A notable trend among these deals is the disproportionate number of assets acquired from Chinese companies. China’s biotechs are gaining a reputation for antibody-engineering prowess, and “a key advantage for Chinese programs is their ability to rapidly and cheaply gain ‘proof of signal’ in a small human trial,” said Leon Tang, founder and scientific advisor of InScienceWeTrust (ISWT) BioAdvisory.
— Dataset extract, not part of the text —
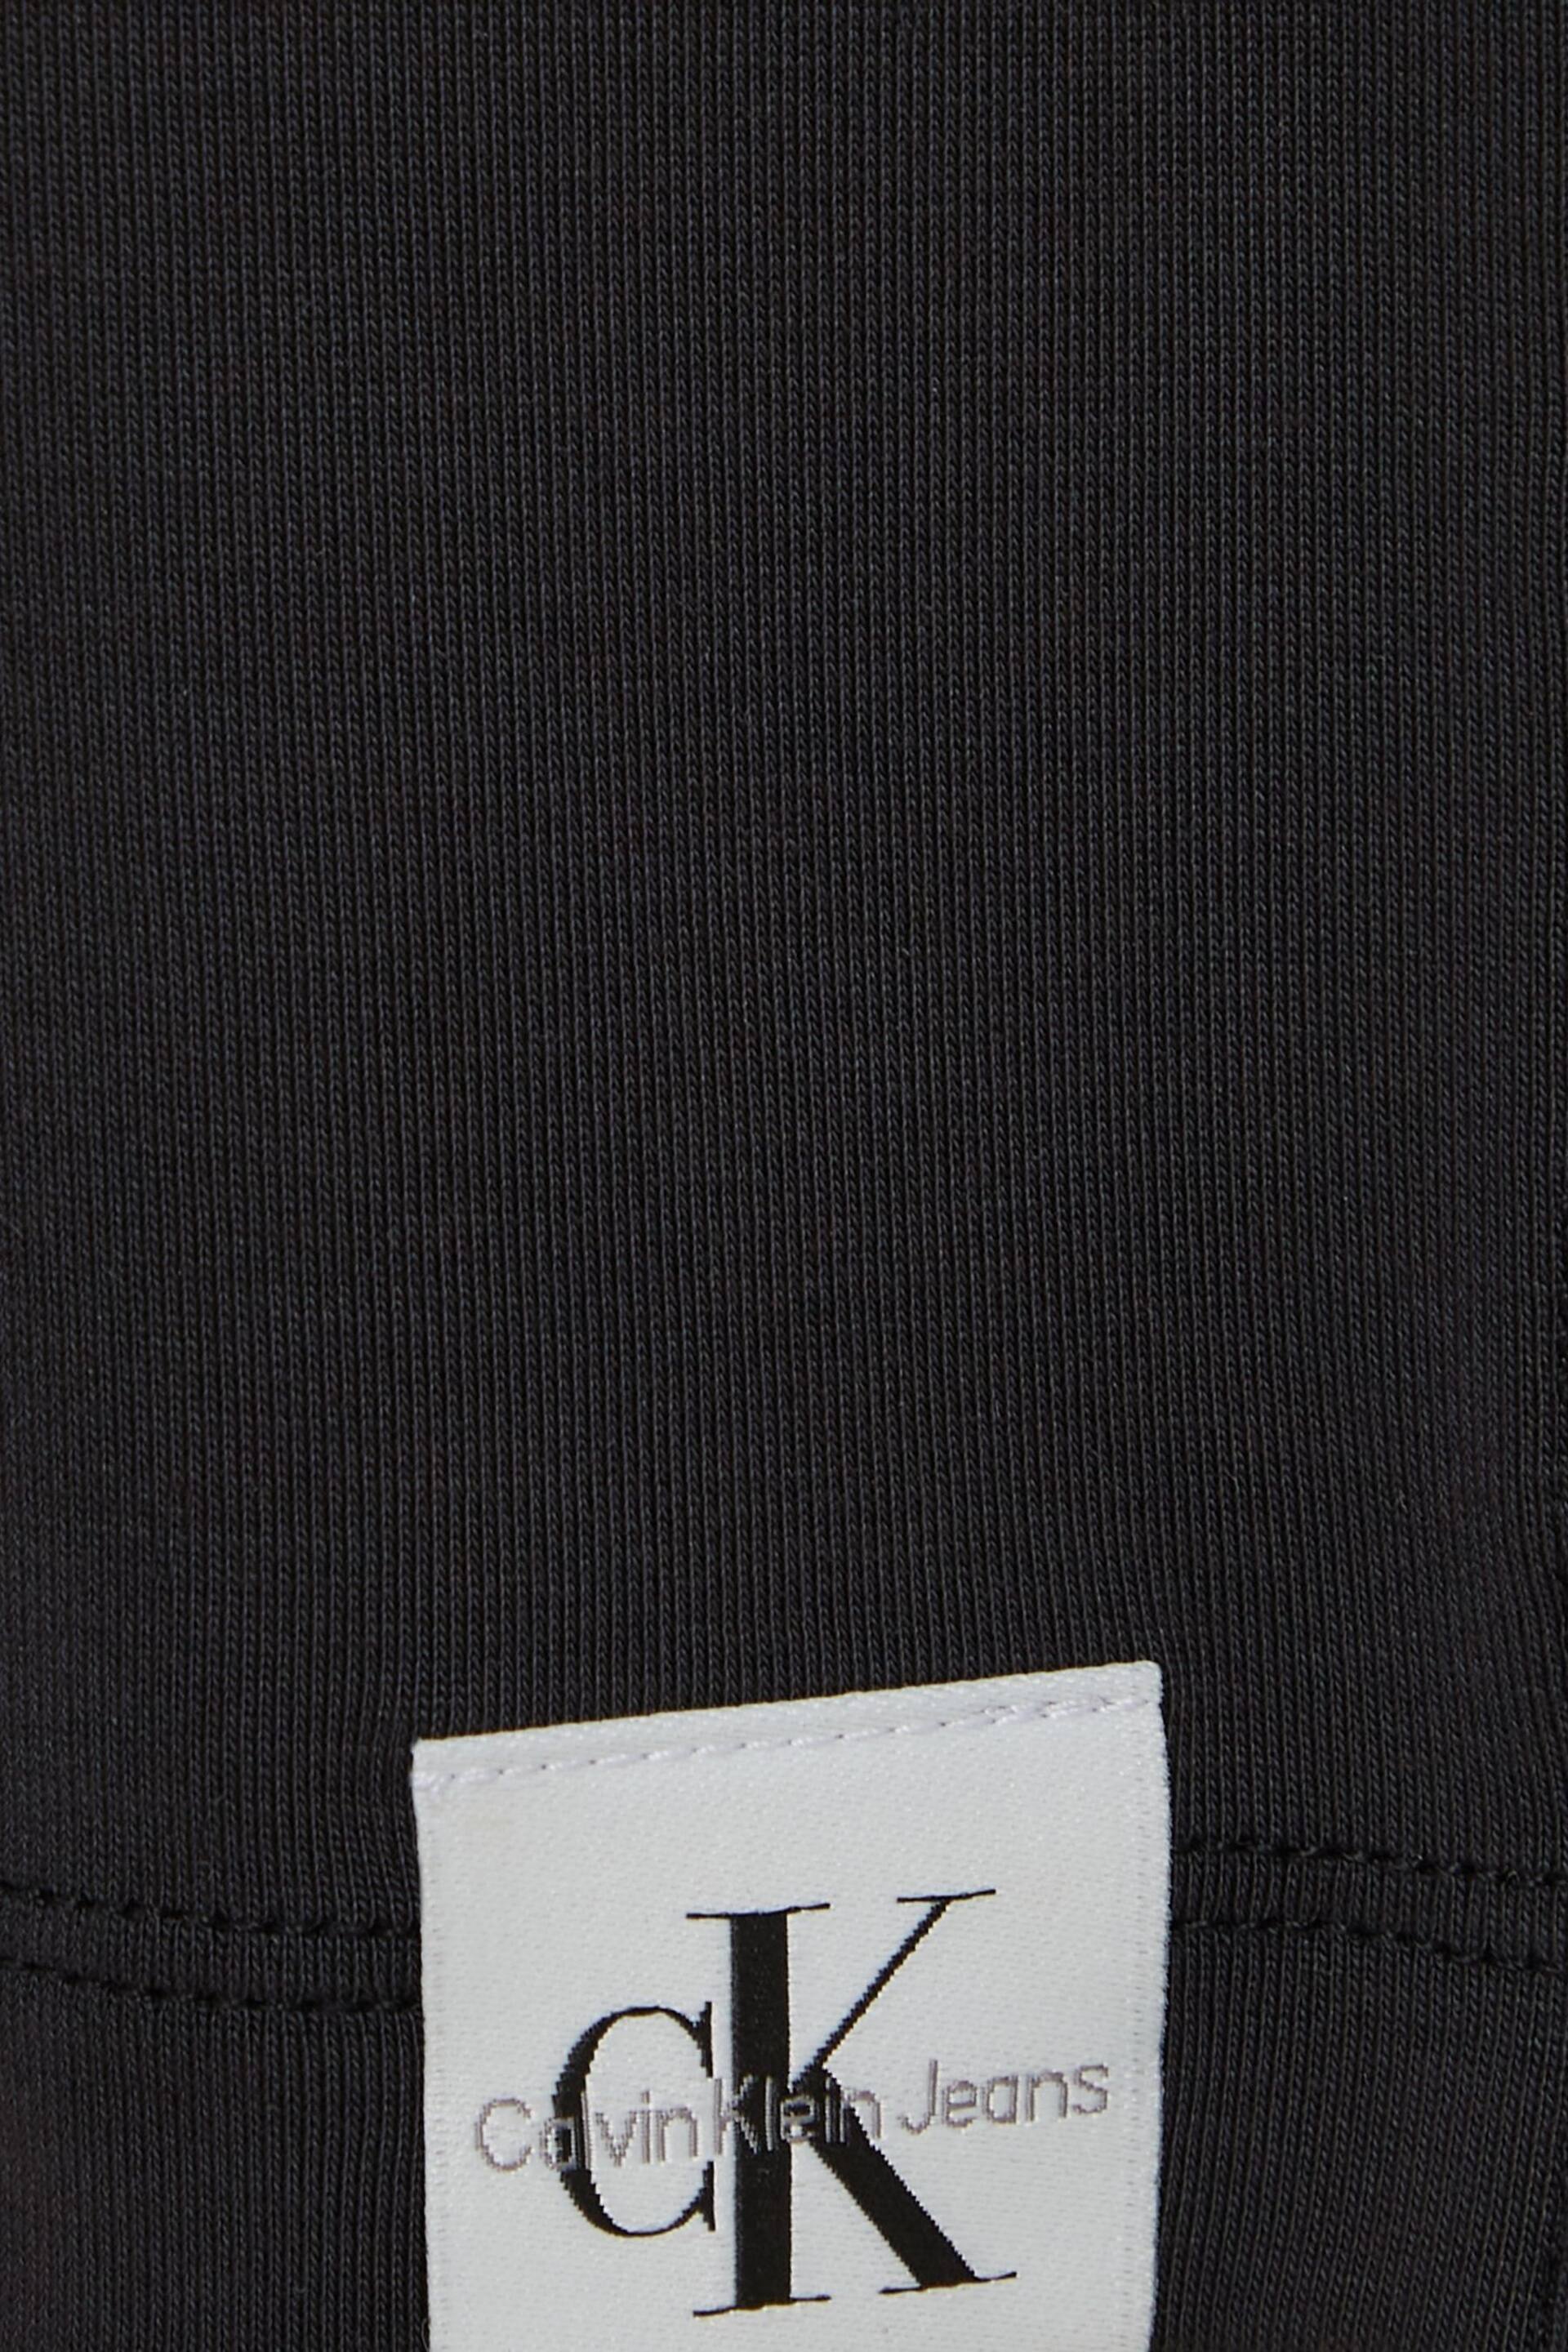 Calvin Klein Black T-Shirt Dress - Image 6 of 6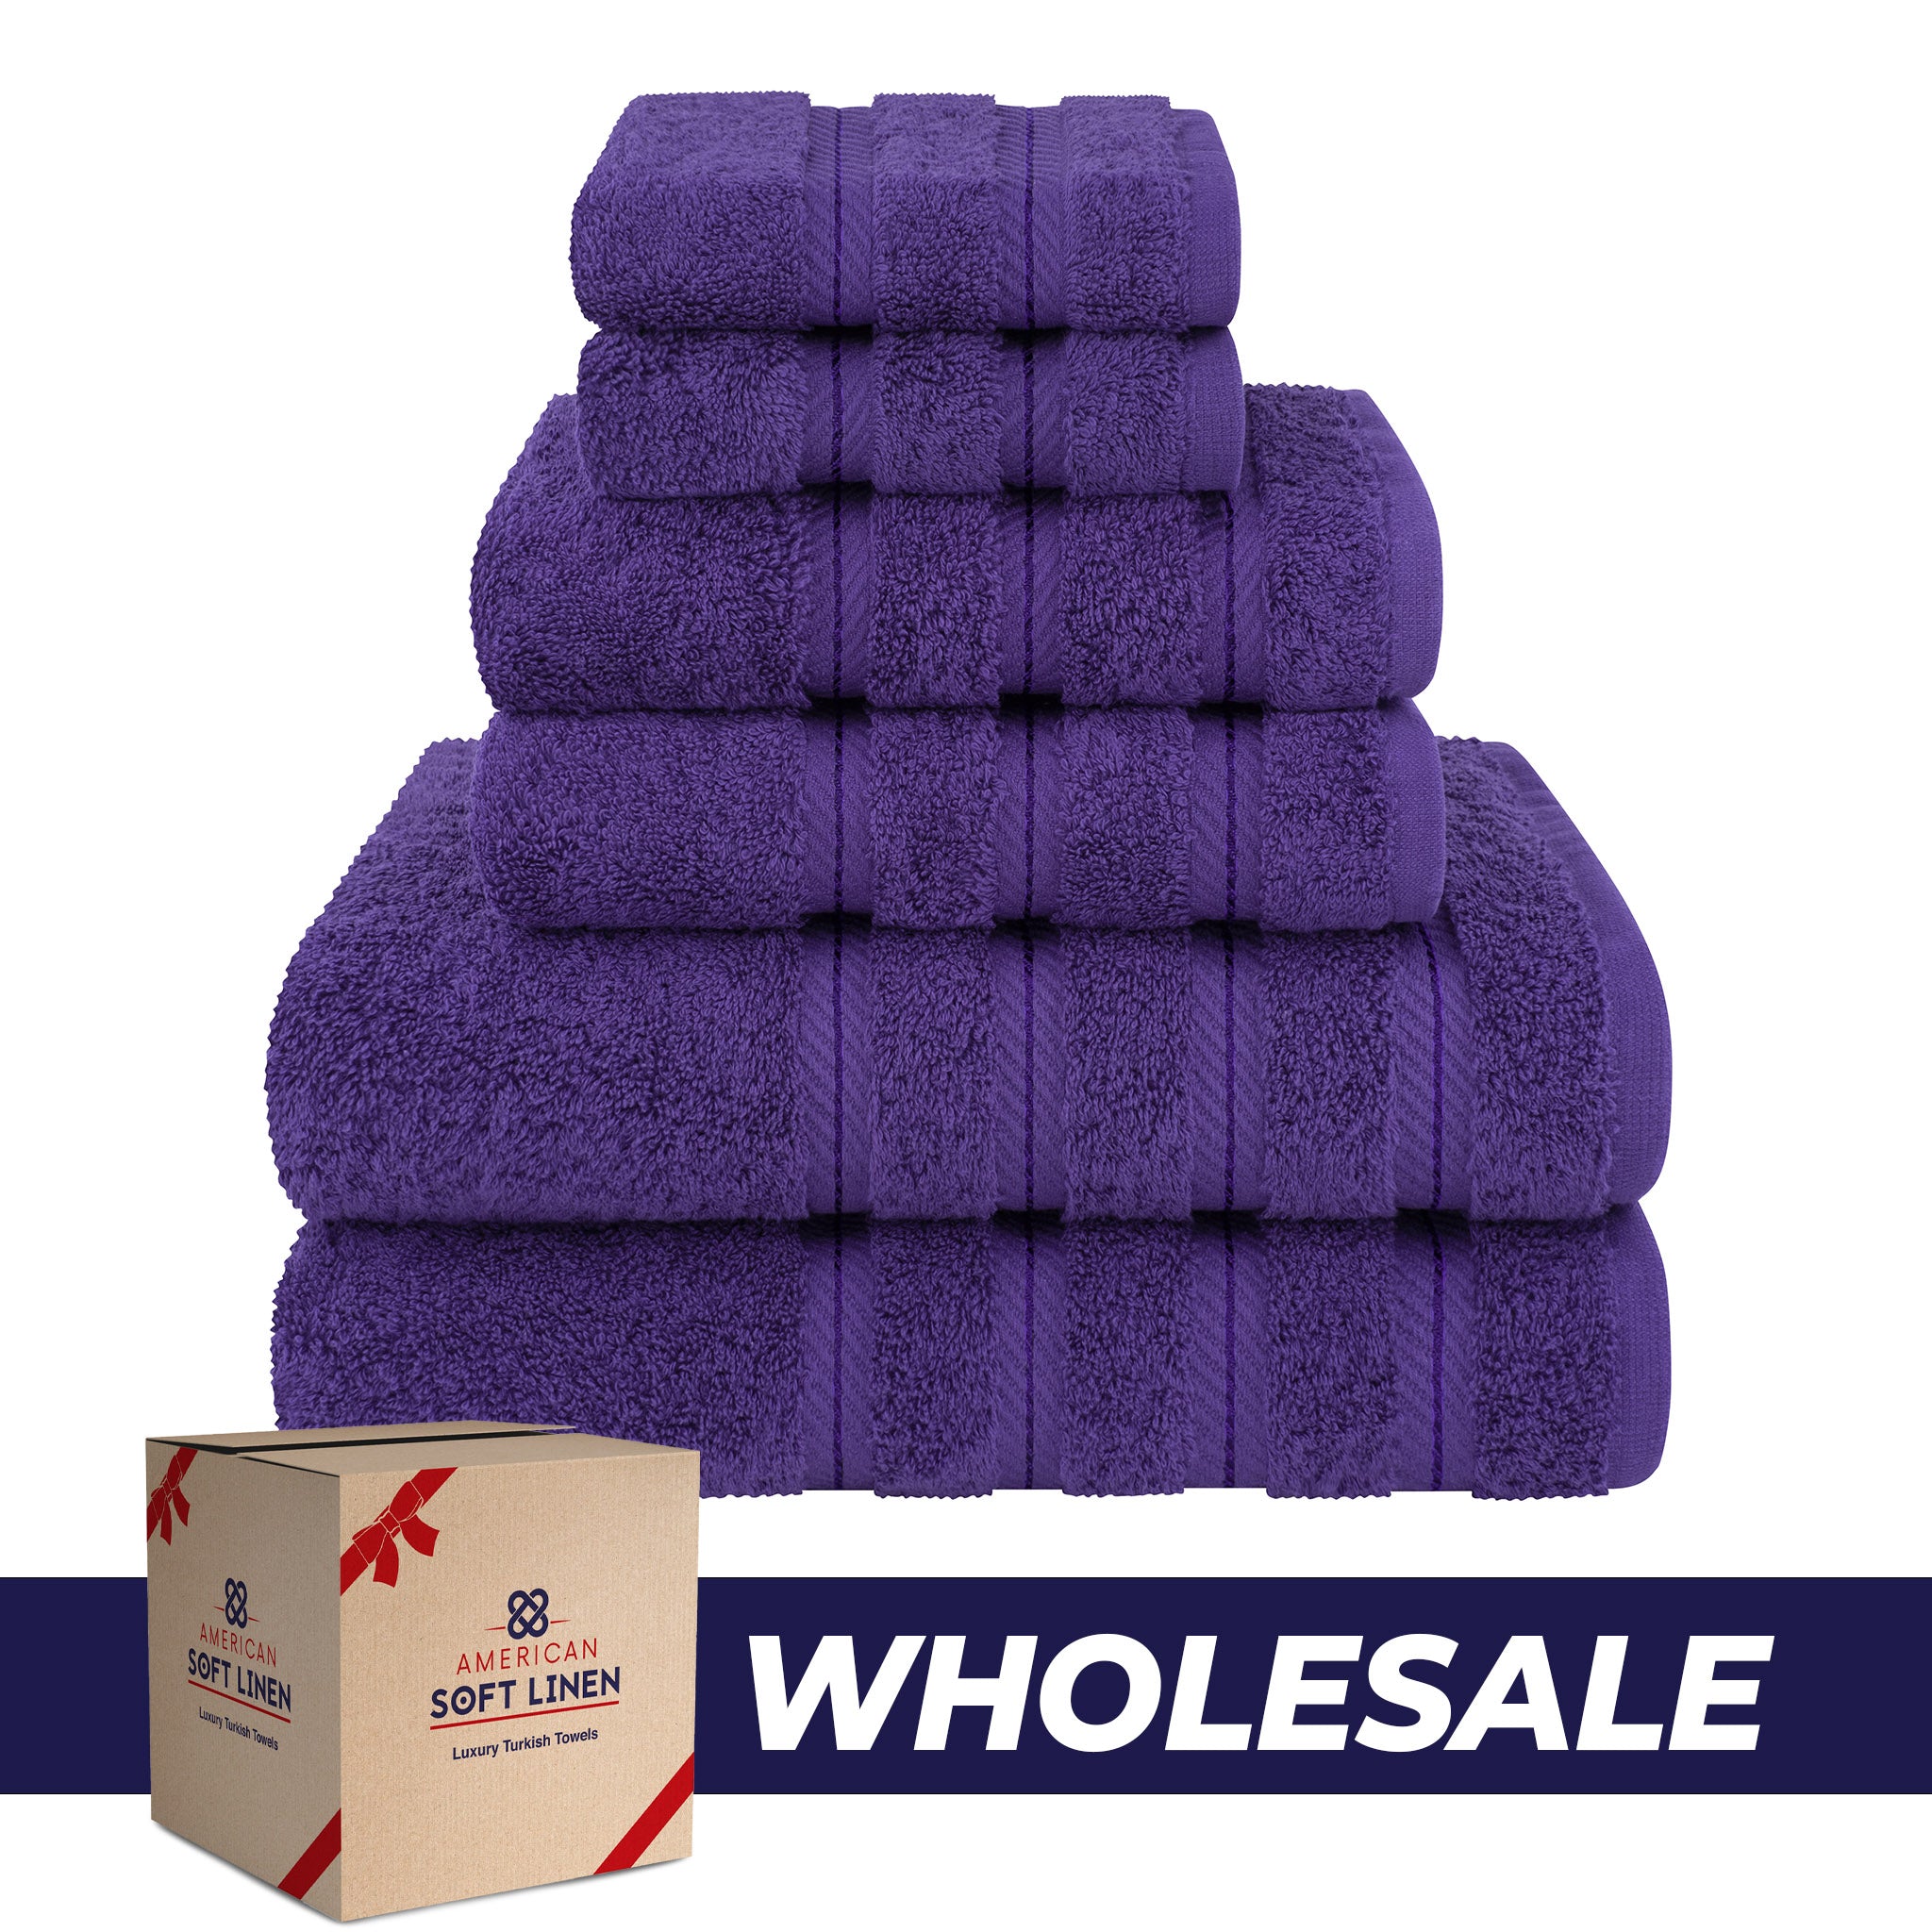 American Soft Linen 100% Turkish Cotton 6 Piece Towel Set Wholesale purple-0

Indeed, the past year has seen bispecific antibodies take the spotlight from antibody–drug conjugate (ADC) oncology assets and technologies, which dominated the conversation in previous years.

Less for more

Over the past 12 months, biopharma dealmaking transactions fell to overall levels not seen since 2016. According to DealForma, 215 deals were announced across the industry in the first 10 months of 2025, down from 317 in 2024 and 298 in 2023. However, the top five therapy areas—oncology, neurology, infectious disease, autoimmunity, and endocrinology/metabolism (Fig. 1)—generated $12.3 billion, roughly on a par with the previous three years.

Histogram showing the number of biopharma research and development deals from 2009 to 2025, broken down by therapeutic area

Fig. 1 | Biopharma activity. Number of biopharma research and development (R&D) deals by therapeutic area. Source: DealForma. YTD, year to date.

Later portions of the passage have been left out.